Metadata on: anonymized user profiles (27,709,707 profiles) and contact behavior (824,989,940 exchanged messages).
Interviews
Interviews with users, 2007–2018:
biographical interviews with 82 French users of dating sites and applications, conducted by Marie Bergström and Rébecca Lévy-Guillain.
Interviews with entrepreneurs, 2009–2019:
semi-structured interviews with 19 French, US, and Canadian founders or employees of dating sites and applications, conducted by Marie Bergström.
Introduction
Match, Meetic, OkCupid, Grindr, LoveScout, Tinder, Happn, Bumble… These are just a few of the thousands of dating platforms available online today. The first website to specialize in matchmaking appeared in the United States in the mid-1990s and was soon to be imitated. As the internet expanded internationally, competing sites rolled out at a quick pace across North America and Europe. They were joined some twenty years later by mobile phone applications that immediately became immensely popular, especially among the young. In the past two decades, these platforms have remapped the landscape of dating across much of the western world and beyond, changing the way people meet partners, but also challenging our ideas about sex and love.

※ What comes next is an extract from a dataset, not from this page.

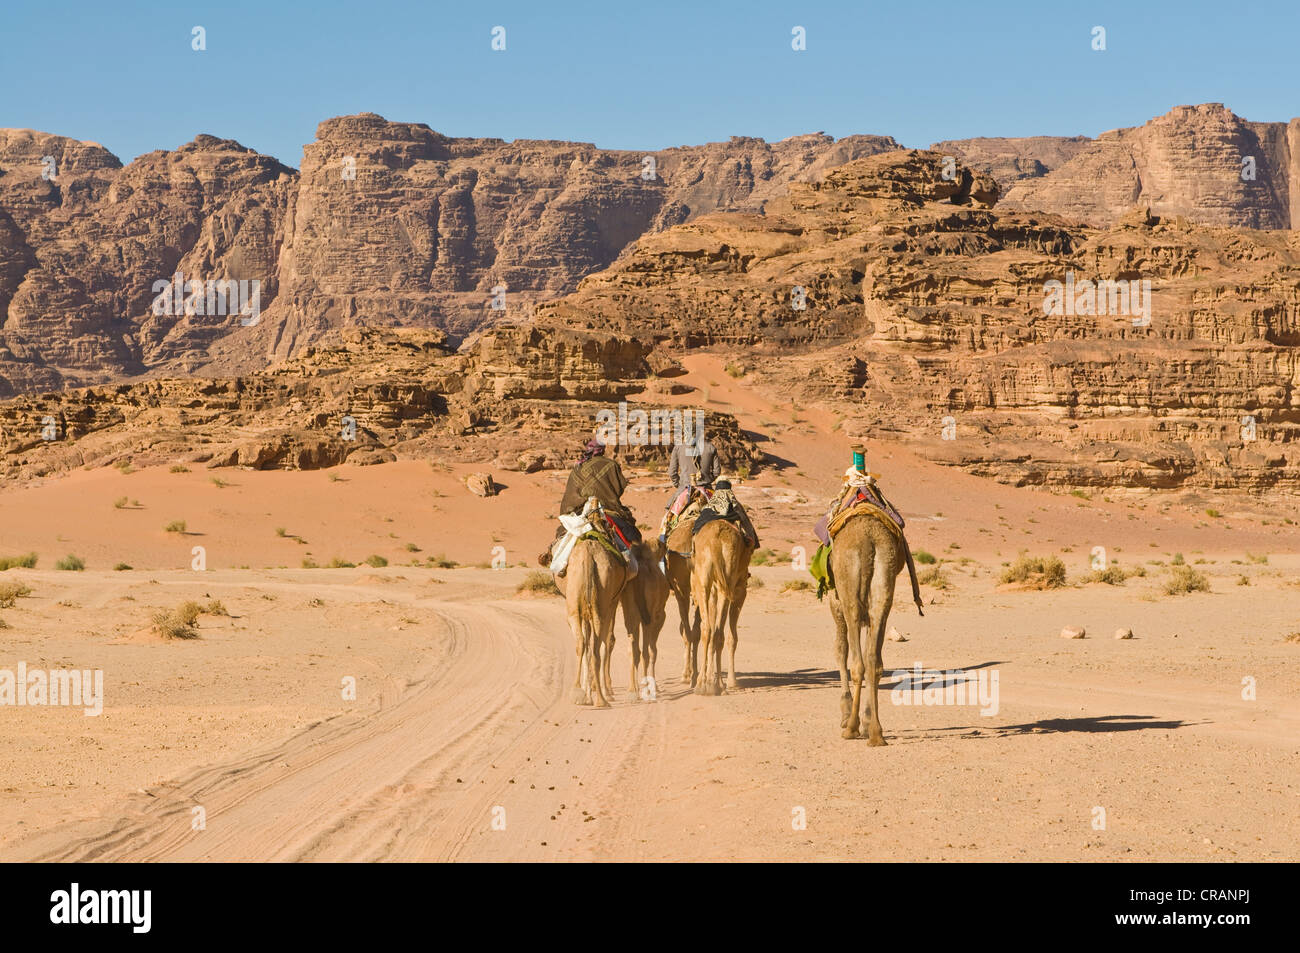 Bedouins with camels in the desert, Wadi Rum, Jordan, Middle East Stock Photo
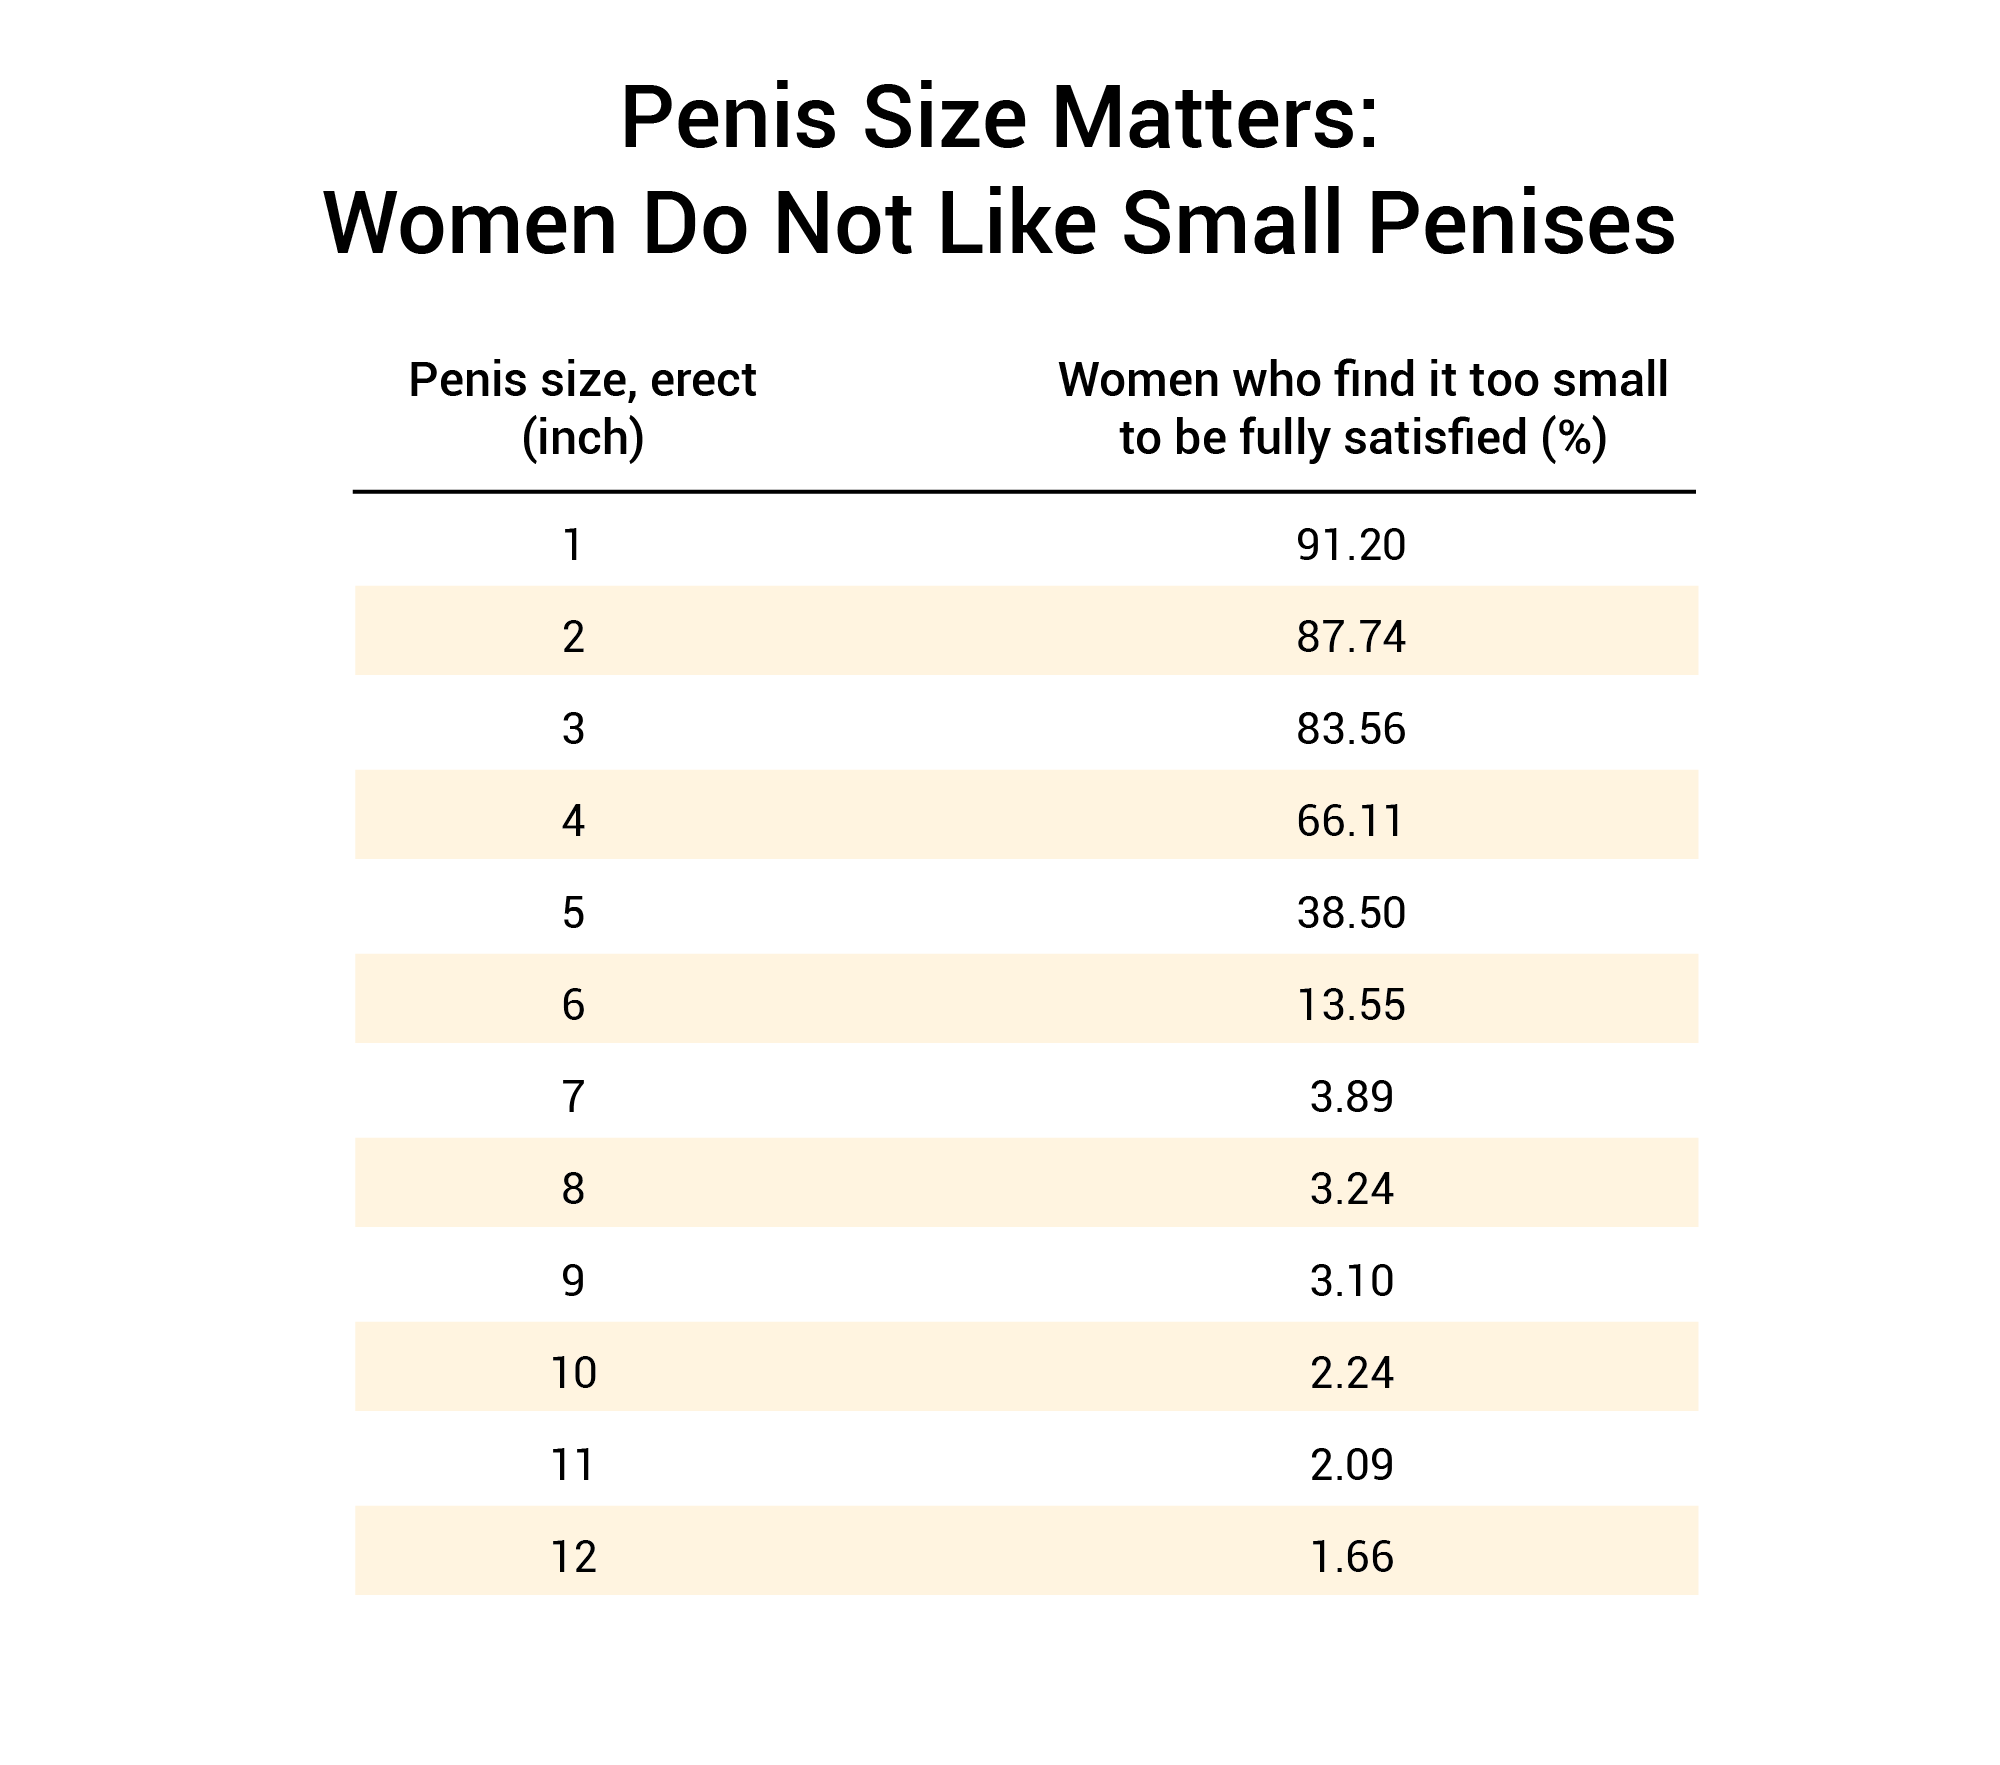 Does Size Matter? 91.7% Of Women Say It Does 1,387 Woman Study

The change is remarkable. Since at least the nineteenth century, personal ads, marriage brokers, and other “lonely hearts” networks have offered their services to bring single people together and match prospective partners. Today’s dating sites and apps are the direct descendants of those earlier forms of mediated dating; in fact they have inherited many features from their ancestors. What is fundamentally new, however, is their popularity. Until the advent of the internet, the use of commercial matchmaking remained a marginal and marginalized practice. In the 1980s and 1990s, surveys carried out in the United States and in France showed that approximately fewer than 1 in 100 people had met their spouse through a matrimonial ad or agency, for example (Bozon and Heran, 1989; Laumann et al., 1994). In the ranks of the heterosexual population, to resort to such services was taboo; the companies were generally distrusted and users consisted predominantly of divorced and widowed individuals. Mediated dating was considered something of an outcast behavior in the world of dating.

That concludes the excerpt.